I do this on a 400grit on a sheet of sandpaper. Spine aroundd 80 degrees to teh sandpaper. 

Sometimes I do teh same thing to a stone that needs some serious flattening.. especially at the ends of the stones. Never in teh center of teh stones.

Yes tehre are times when I bring the stones to the spine..

A higher grit after it is smoothed if you want it shiny.

As for the choil..i do it only with a small piece of sandpaper..



have fun

rgds
d


----------



## mhlee (Mar 22, 2013)

I'm almost positive there's a previous thread about this where Dave recommended, IIRC, to first abrade the shoulders. I'm on my phone so I can't quickly search for the thread but I'm sure this has been discussed before.


----------



## El Pescador (Mar 22, 2013)

no vise? use a phonebook or a dictionary.


----------



## Zwiefel (Mar 22, 2013)

El Pescador said:


> no vise? use a phonebook or a dictionary.
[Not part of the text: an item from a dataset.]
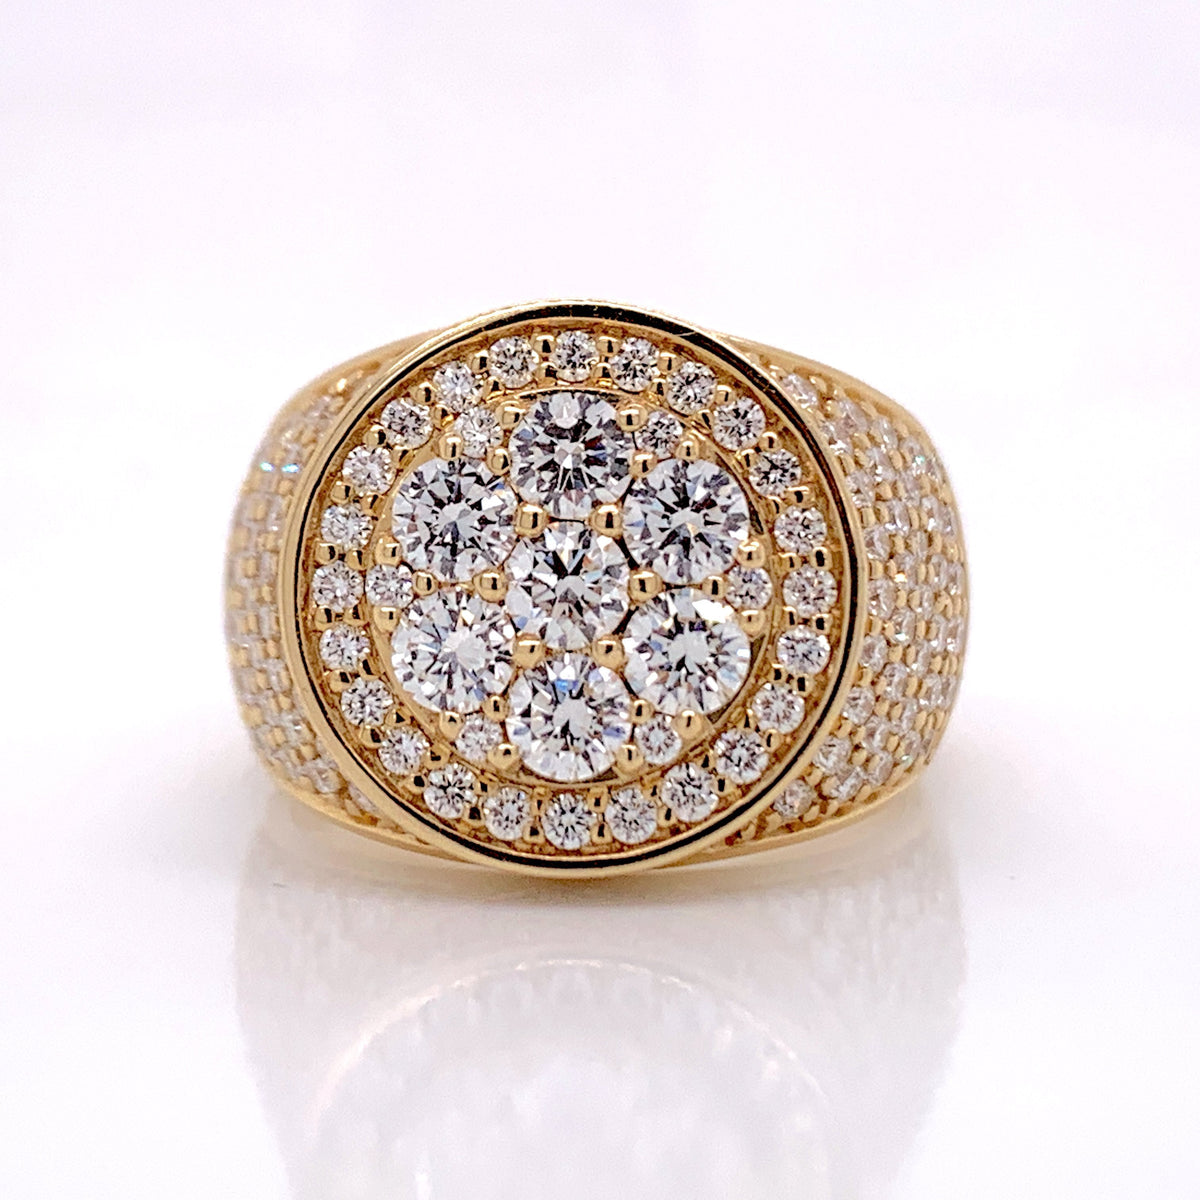 3.50 CT. Diamond Ring in 10K Gold - White Carat Diamonds 
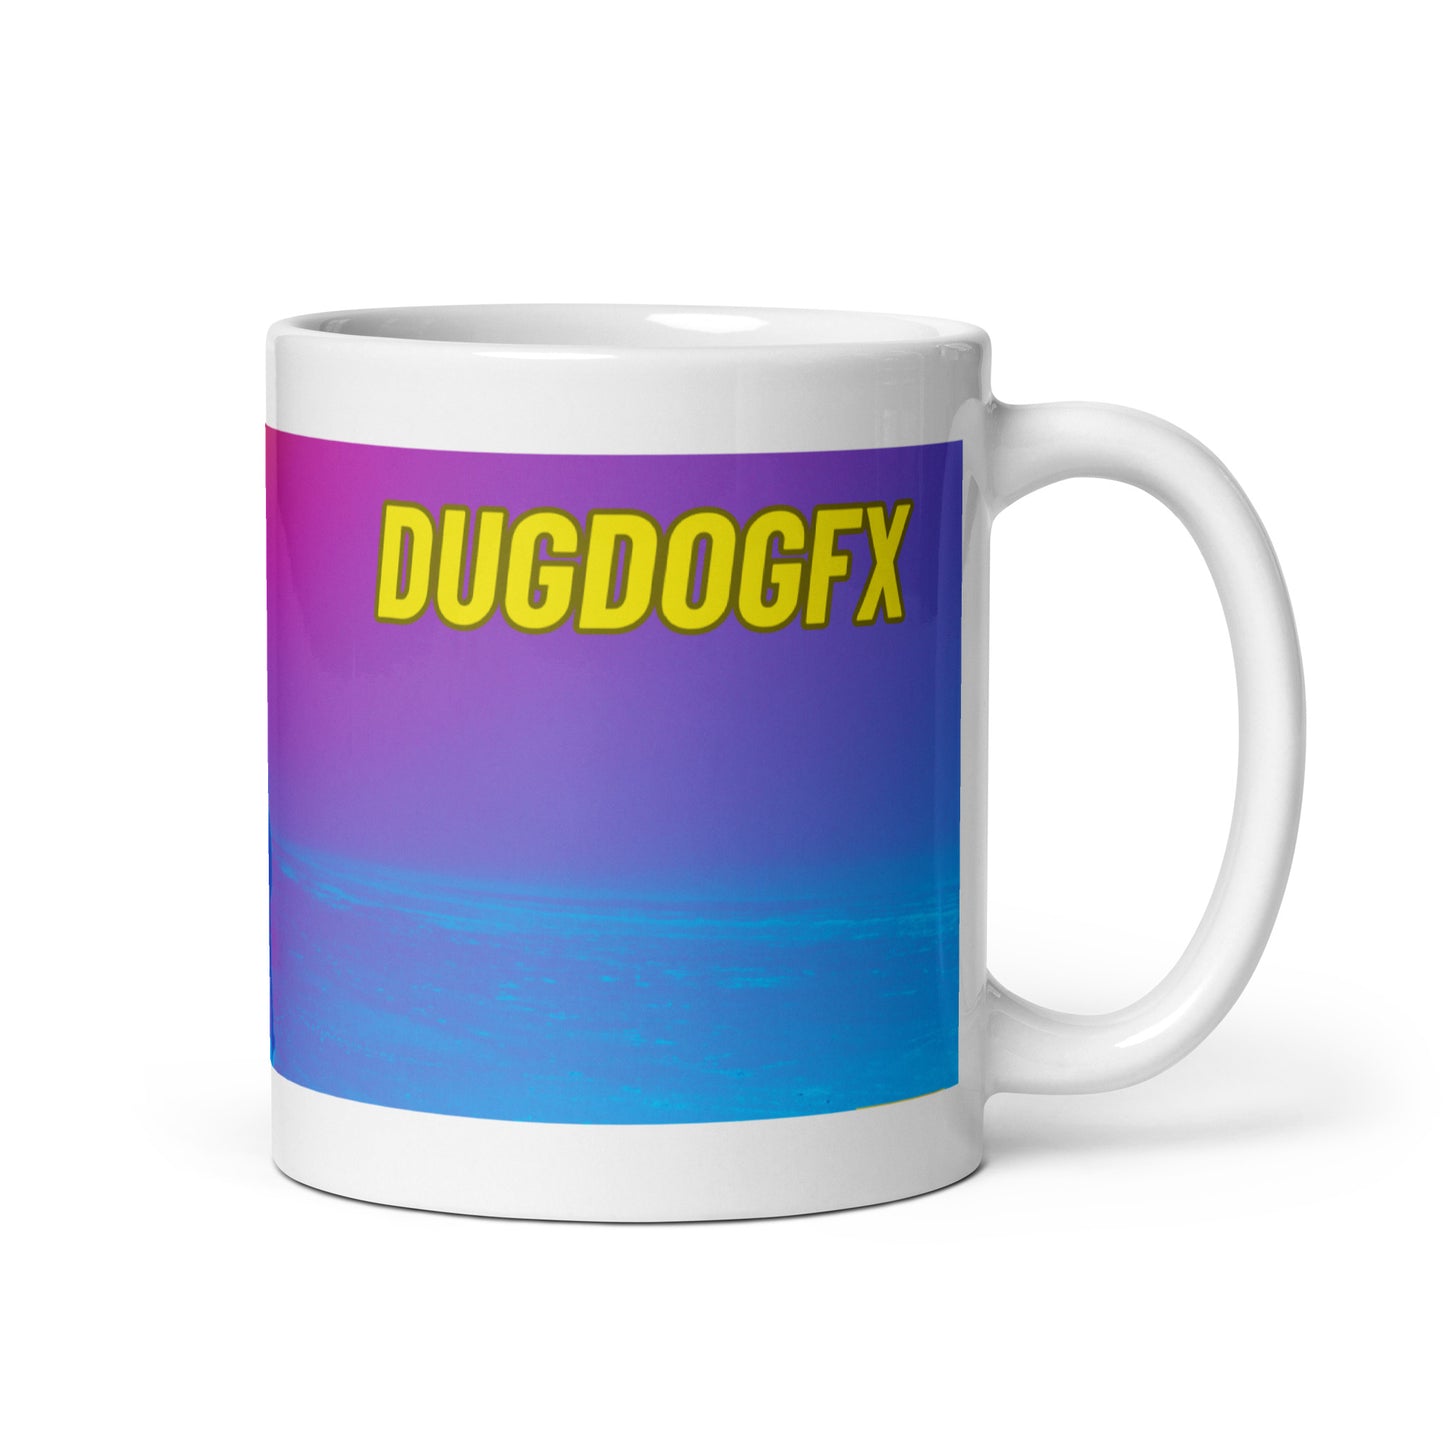 DugDogFX Silhouette White Glossy Mug

I've seen this recco before...but I can't quite imagine how the two fit together for this purpose...anyone have a pic?


----------



## Mike9 (Mar 22, 2013)

I find that if the knife is differentially heat treated the spine should be softer than the edge. If it's clad it is softer than the edge. I break the corners with a file or diamond file/plate. Then I back some paper with clear packing tape and slice into strips to polish. You don't need to round to the tip you don't grip down that far and besides your tool will slide right off. When I restore, or do a conversion I like to make the spine as round as possible. The choil area is much harder to achieve a full round finish on.


----------